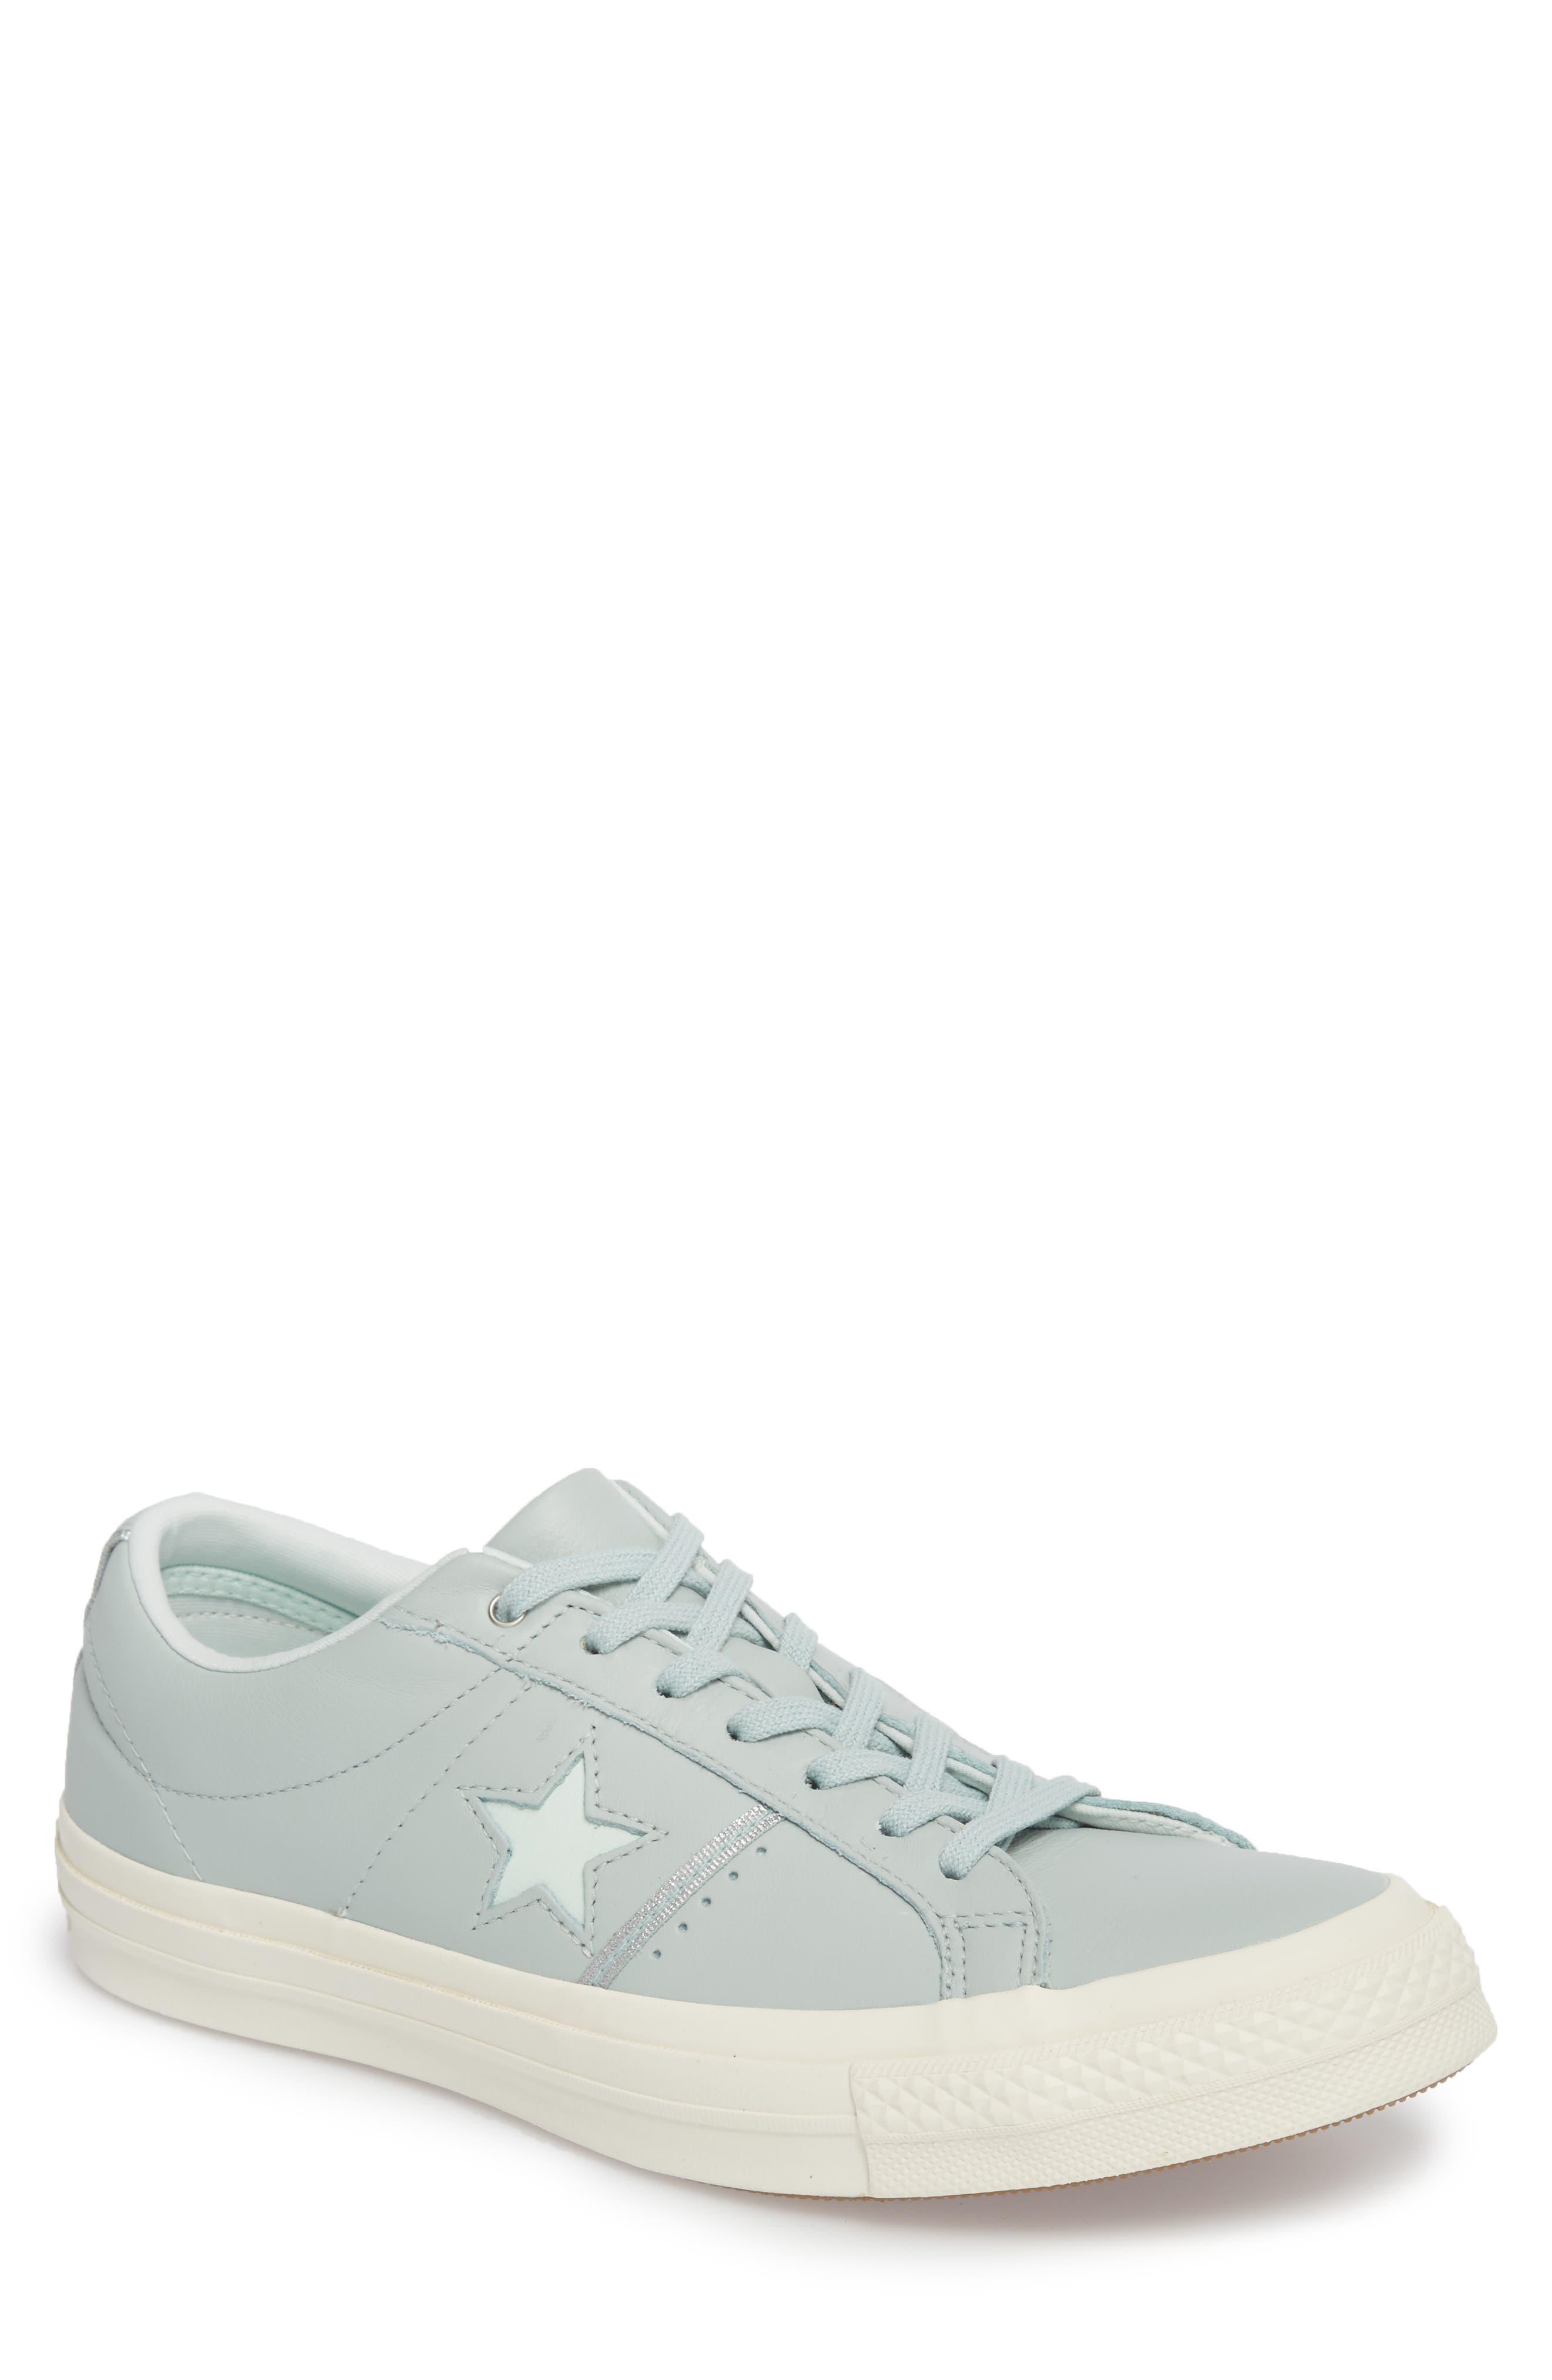 Main Image - Converse Chuck Taylor® One Star Piping Sneaker (Men)
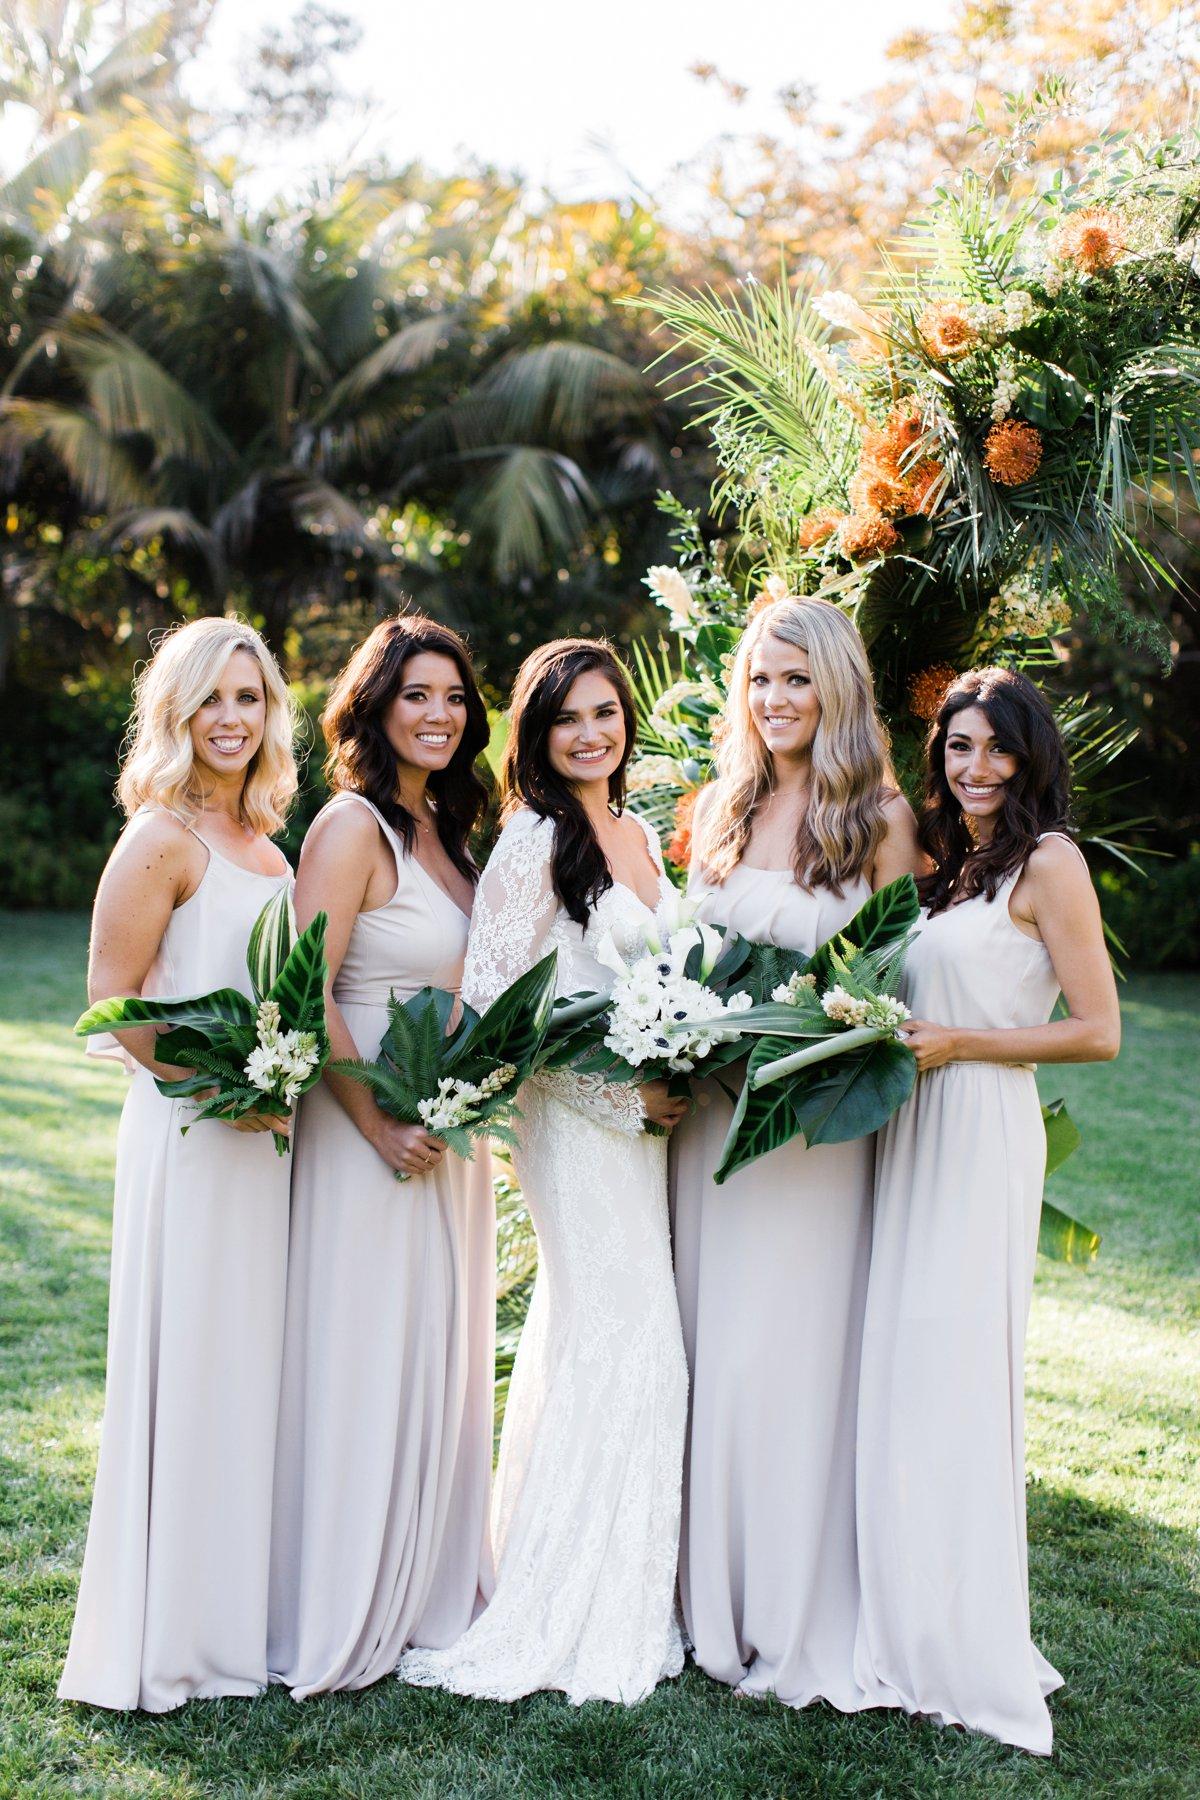 neutral bridesmaid dresses - photo by Anna Delores https://ruffledblog.com/chic-modern-wedding-at-four-seasons-santa-barbara
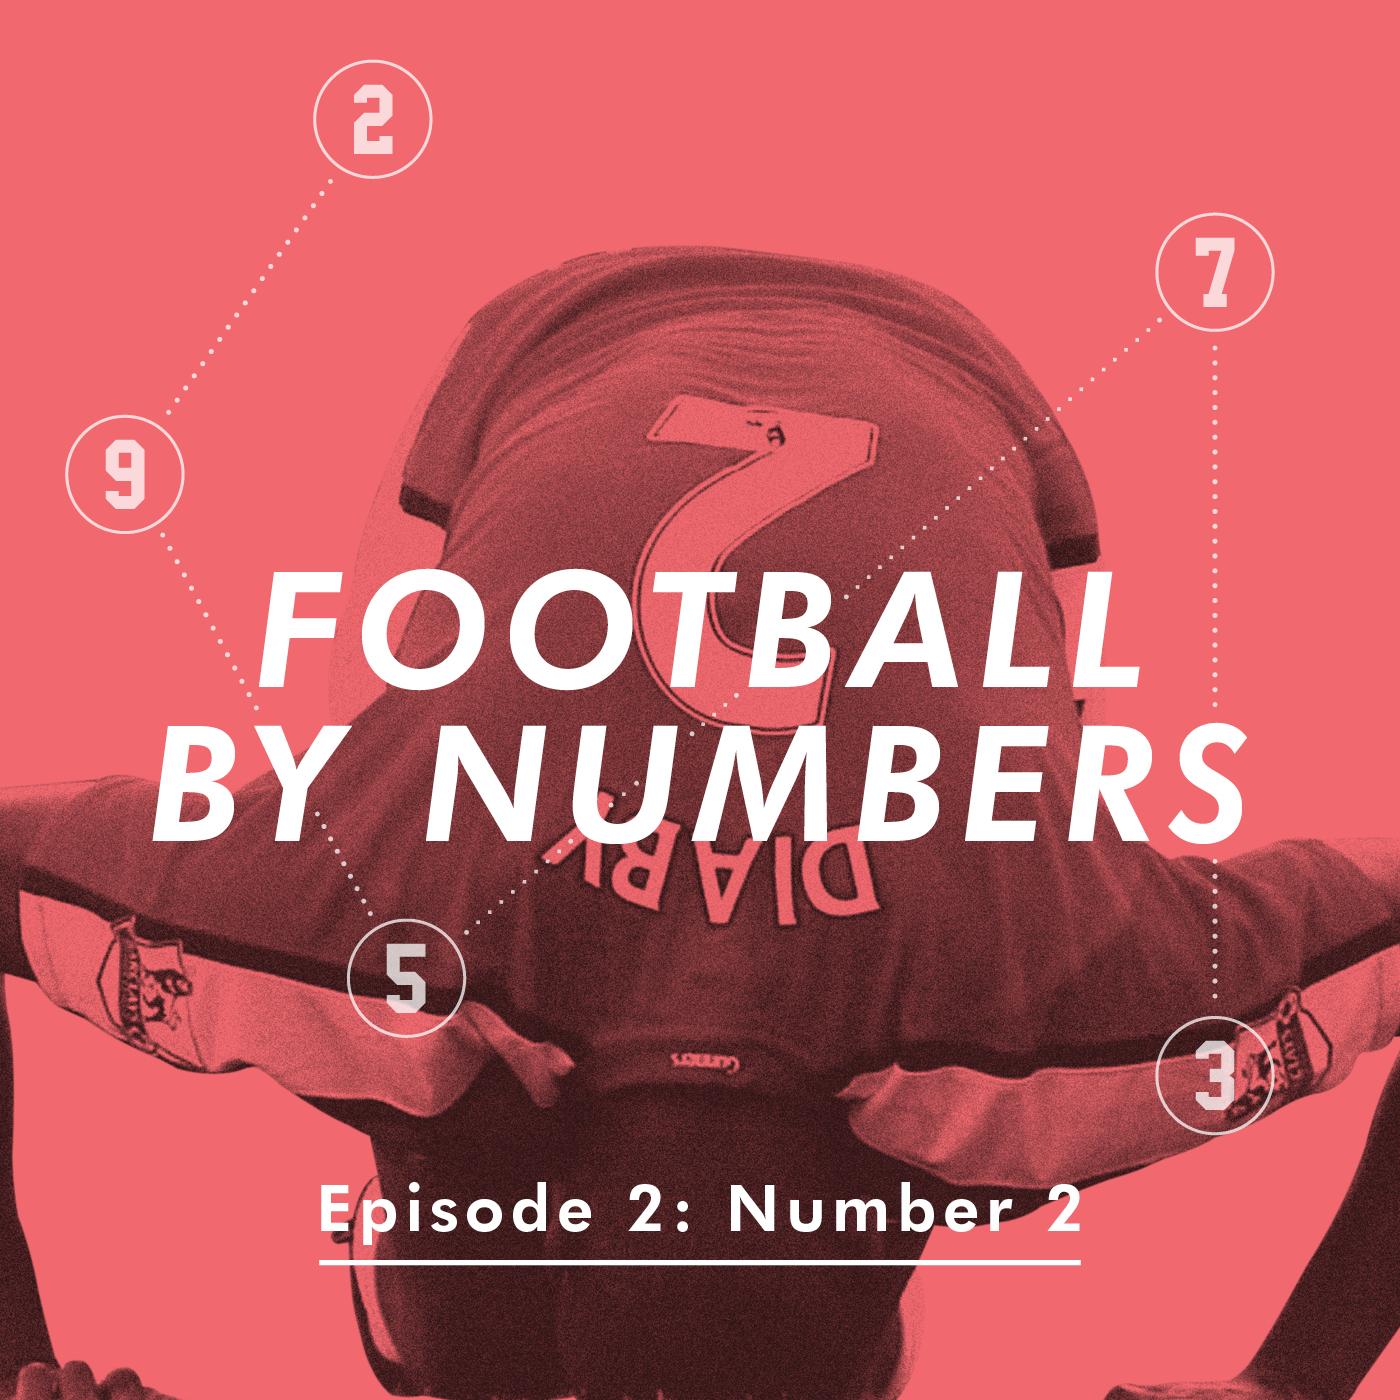 FootballByNumbers-Covers-E2.jpg

> [AIM OF THE TASK] To complete this exercise, repeat exactly the lines above from the one holding "neutral bridesmaid dresses" to the end of the listing, both included, and leave the pictures out.

> [TASK SOLUTION]
 neutral bridesmaid dresses - photo by Anna Delores https://ruffledblog.com/chic-modern-wedding-at-four-seasons-santa-barbara
 FootballByNumbers-Covers-E2.jpg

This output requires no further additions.